┌─ Given data

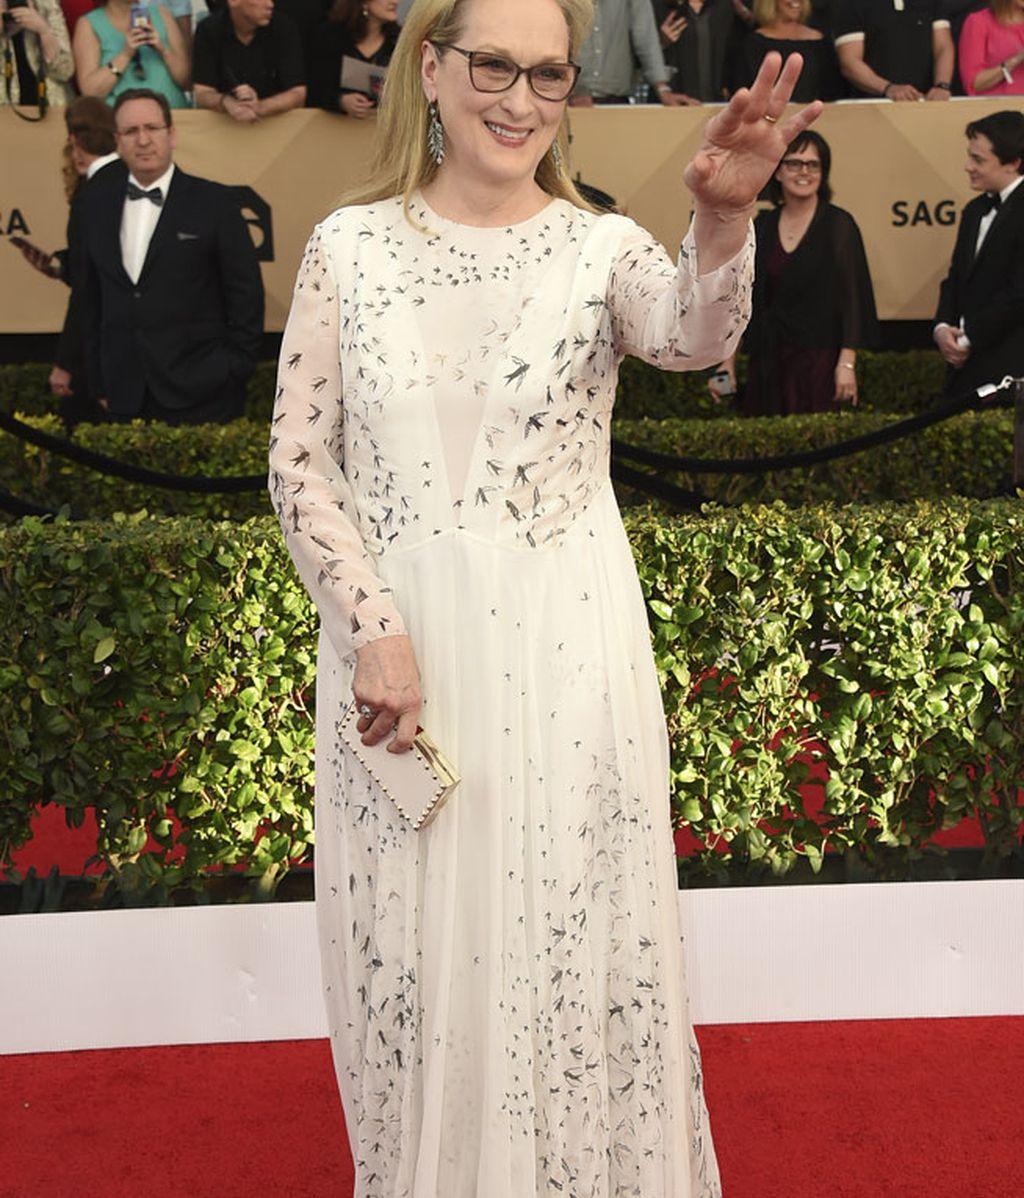 Radiante y discreta, Meryl Streep eligió un diseño de Valentino
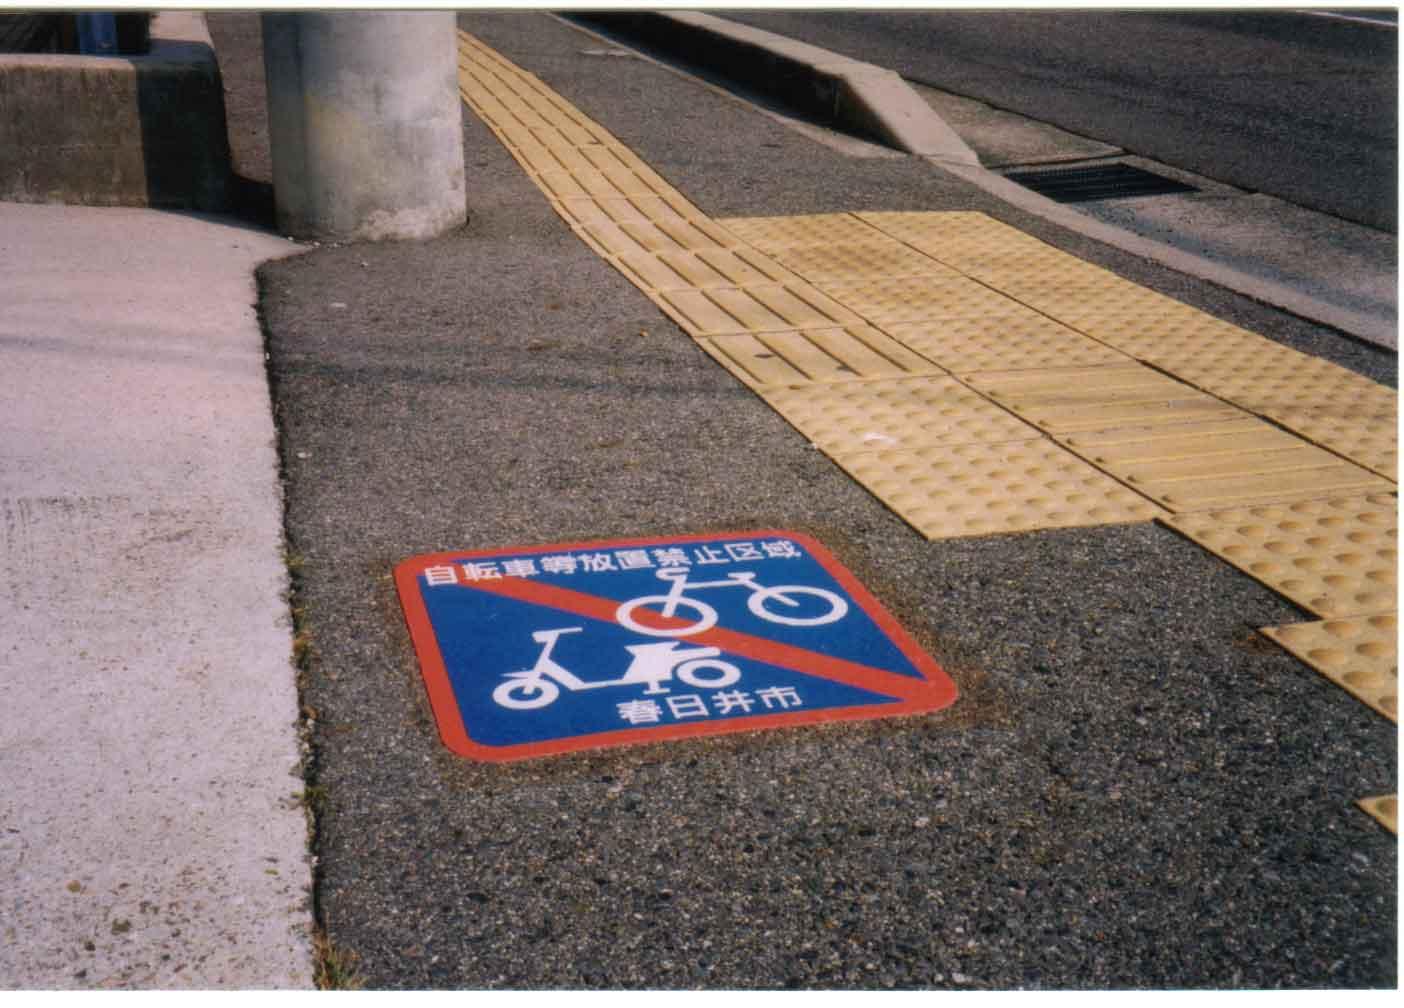 自転車放置禁止マーク 春日井市
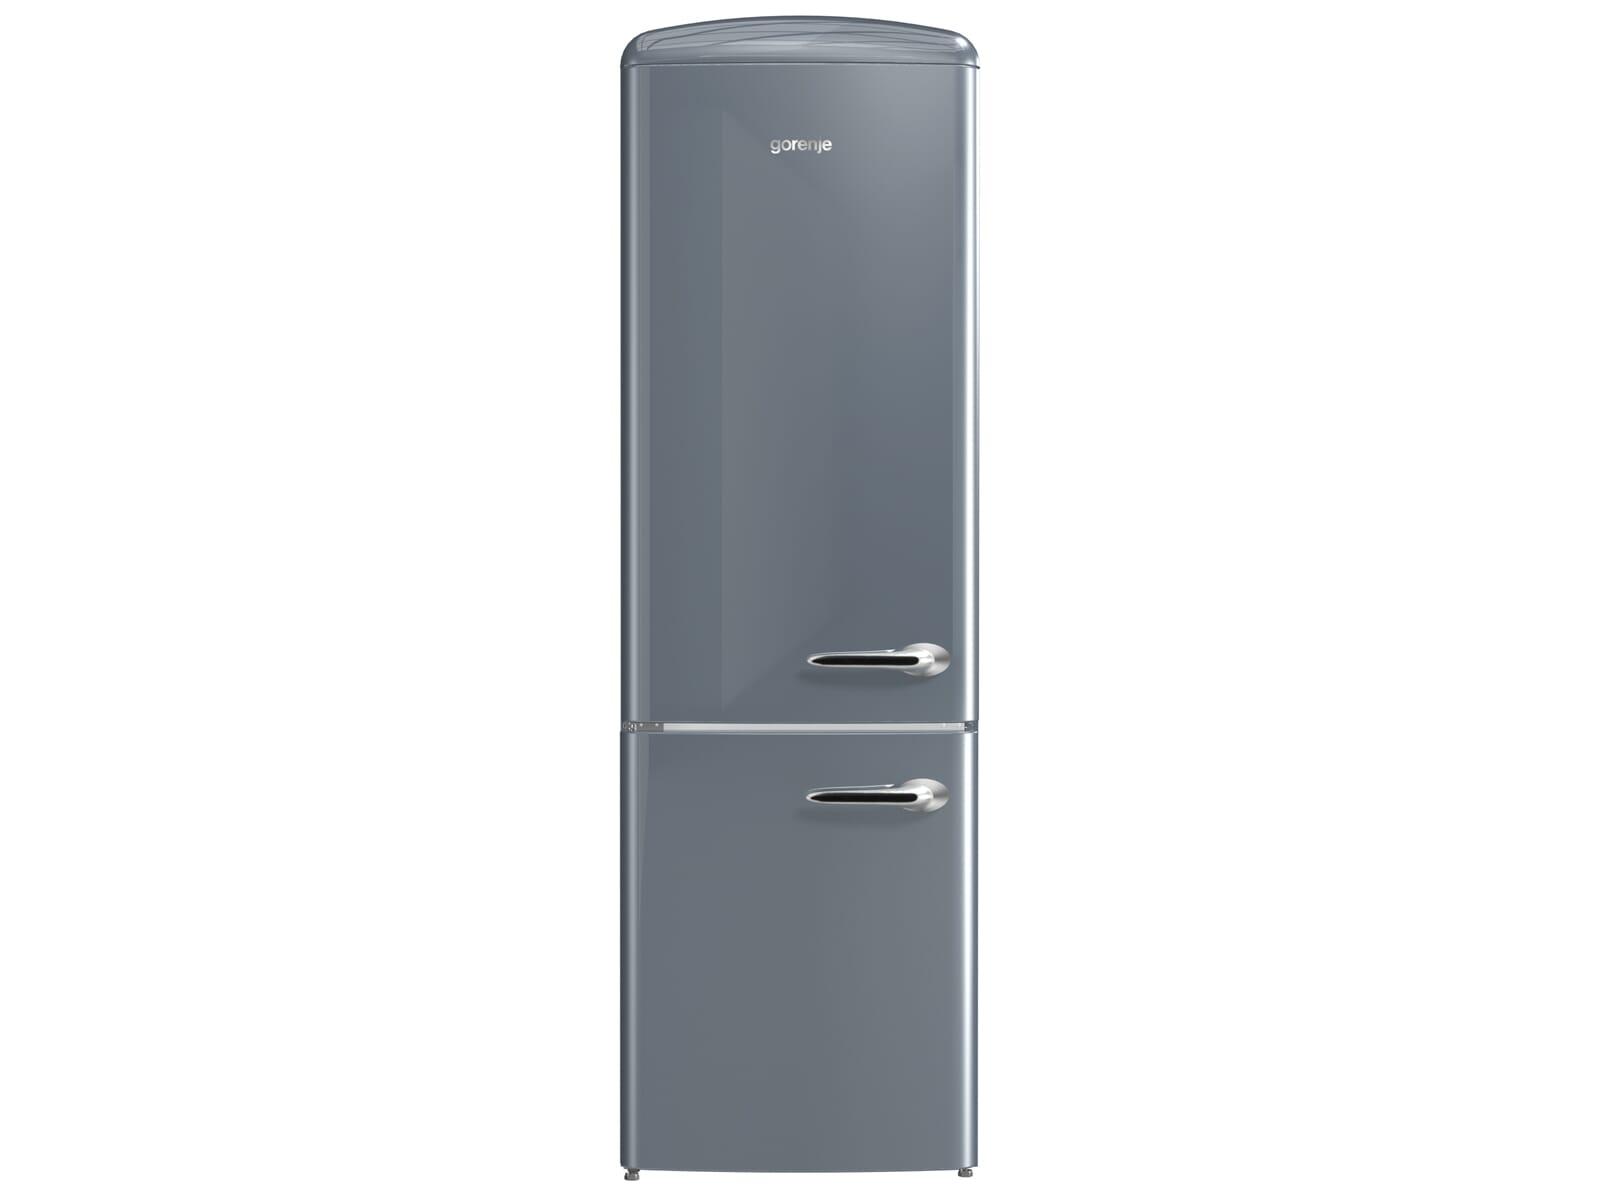 Gorenje Kühlschrank Hzos3366 Bedienungsanleitung : Gorenje kühlschrank retro bedienungsanleitung: kühlschrank gorenje

└─

> _Exercise goal_:
Copy out all of the material exactly as written, without its pictures.

> _Reply_:
 Radiante y discreta, Meryl Streep eligió un diseño de Valentino
 自転車放置禁止マーク 春日井市
 Gorenje Kühlschrank Hzos3366 Bedienungsanleitung : Gorenje kühlschrank retro bedienungsanleitung: kühlschrank gorenje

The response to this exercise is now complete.